Braunstein lectures abroad about his unique project, launched in 2015. In 2018, he presented his “visual music machines” to other innovators at Music Tech Fests in Croatia and Sweden.

In Israel, he’s presented CyMagic at Microsoft, Rothschild Boulevard of Innovation, indie music festivals and more. He has long felt that music has healing power.

“As I got into sound engineering professionally around 2005, the acoustic part of sound healing began to interest me,” he tells ISRAEL21c.

While working backstage to fix a feedback problem at a sound event, Braunstein accidentally turned up the amplifier too high and felt the vibration of the soundwaves strongly in his muscles and even in his teeth.

“I started to think about how to take sound a level deeper to what it feels like, not what it sounds like,” he says.

Researching the properties of sound online, he found a paper on cymatics, a field devoted to making frequencies and sounds visible by transferring their vibration into different materials. At the time, cymatics was considered a far-out, New Age theory without much scientific basis.

“But I assumed if there was anything true about it, the mechanics had to be there,” says Braunstein.

Symmetrical sound patterns

He experimented at home, using old speakers, power amps and frequency generators to reproduce the experiments he’d read about and to determine the role of acoustics in cymatics.

“Our first project was a Chladni plate where a metal plate is attached to a speaker and sand or salt is sprinkled on the plate. The frequencies emanating from the speakers vibrate the plate and the sand spills from places with high vibration to places with no vibration. Symmetrical patterns emerge,” Braunstein explains.

“Then we started working on recreating that experiment in water, using more old speakers, and adding cameras, lights and stabilizers.”

Photo by Yorai Liberman courtesy of CyMagic

“We had our first breakthrough in 2015, when the prototype we’ve been working on managed to show very intricate and geometrical patterns. That’s when we knew CyMagic was ready to be presented to the world.”

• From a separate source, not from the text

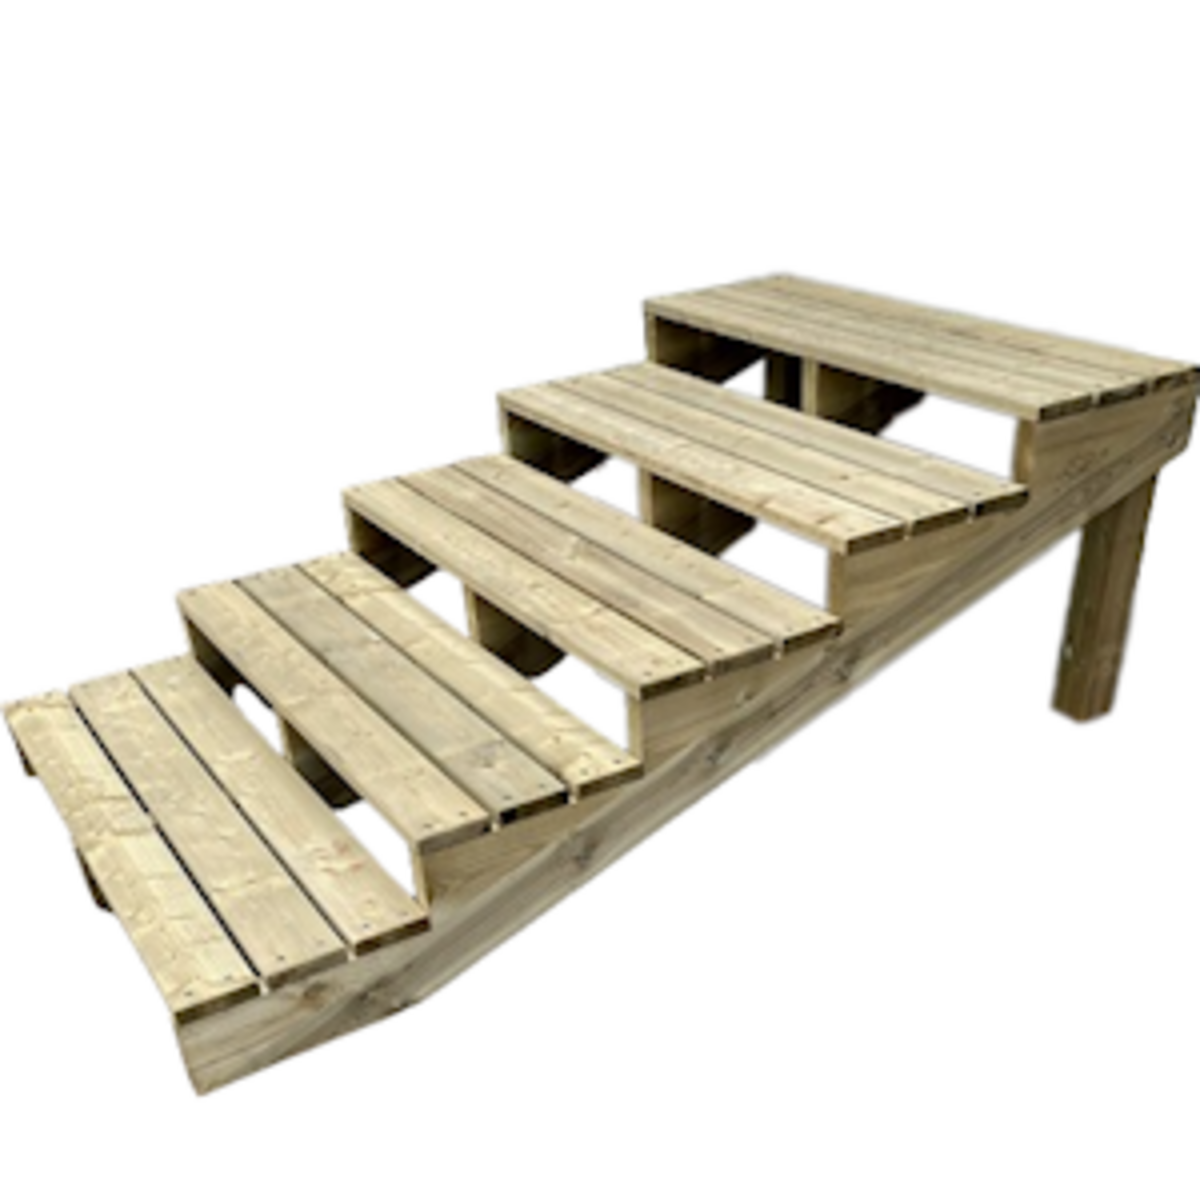 XL outdoor staircase wood with extra large steps

Taking his machines around Israel for people to try, Braunstein realized that this vibration experience could substitute for the auditory musical experience.

“Watching people interacting with the vibrating water of our tactile music box sparked a desire to allow people to ‘feel the music.’ In the second half of 2016, we banged on many doors, looking for a partner who would let us try our installation to translate their music.”

The Israeli Chamber Music Orchestra accepted the challenge. “Touching the Sounds with Beethoven” utilized Braunstein’s then experimental tactile music boxes, CyMagic “microscope” and a Chladni plate.

‘Water Knives’

In November, Braunstein presented “Water Knives” at the Zero One digital art festival at Jerusalem’s Tower of David museum. In collaboration with video artist Danielle Parsay, “Water Knives” offers a tactile experience of both music and visual art.

Braunstein has turned CyMagic into a social business.

Last April he raised $25,000 in a crowdfunding campaign and applied for grants. He’s gotten funding from the Ted Arison Family Foundation and the Ministry of Labor and Welfare, and worked with the Equinote Association for cultural accessibility in Israel.

“I want to create Cymagic teams around the world so that classically trained musicians can take our machines to schools targeting deaf children — but not exclusively — and create an inclusive experience that most hearing people have never experienced, either. Inclusiveness is something we want to bring everywhere.”

CyMagic transforms soundwaves into visual patterns in water. Photo by Dor Kedmi courtesy of Tower of David

Meanwhile, Braunstein runs a marketing agency and has started a small design studio where he’s working on “a lot of international projects” on commission.

For example, a corporate client wants a permanent tactile sound installation for its headquarters. The Croatian Swimming Federation wants a pool equipped to make the most of the sound-water relationship.

Braunstein says CyMagic is unique in the world.

“I was the first to translate live music into visuals, using cymatics to provide a tactile music experience,” he says. “And aside from the fact that it’s new, it’s also a lot of fun!”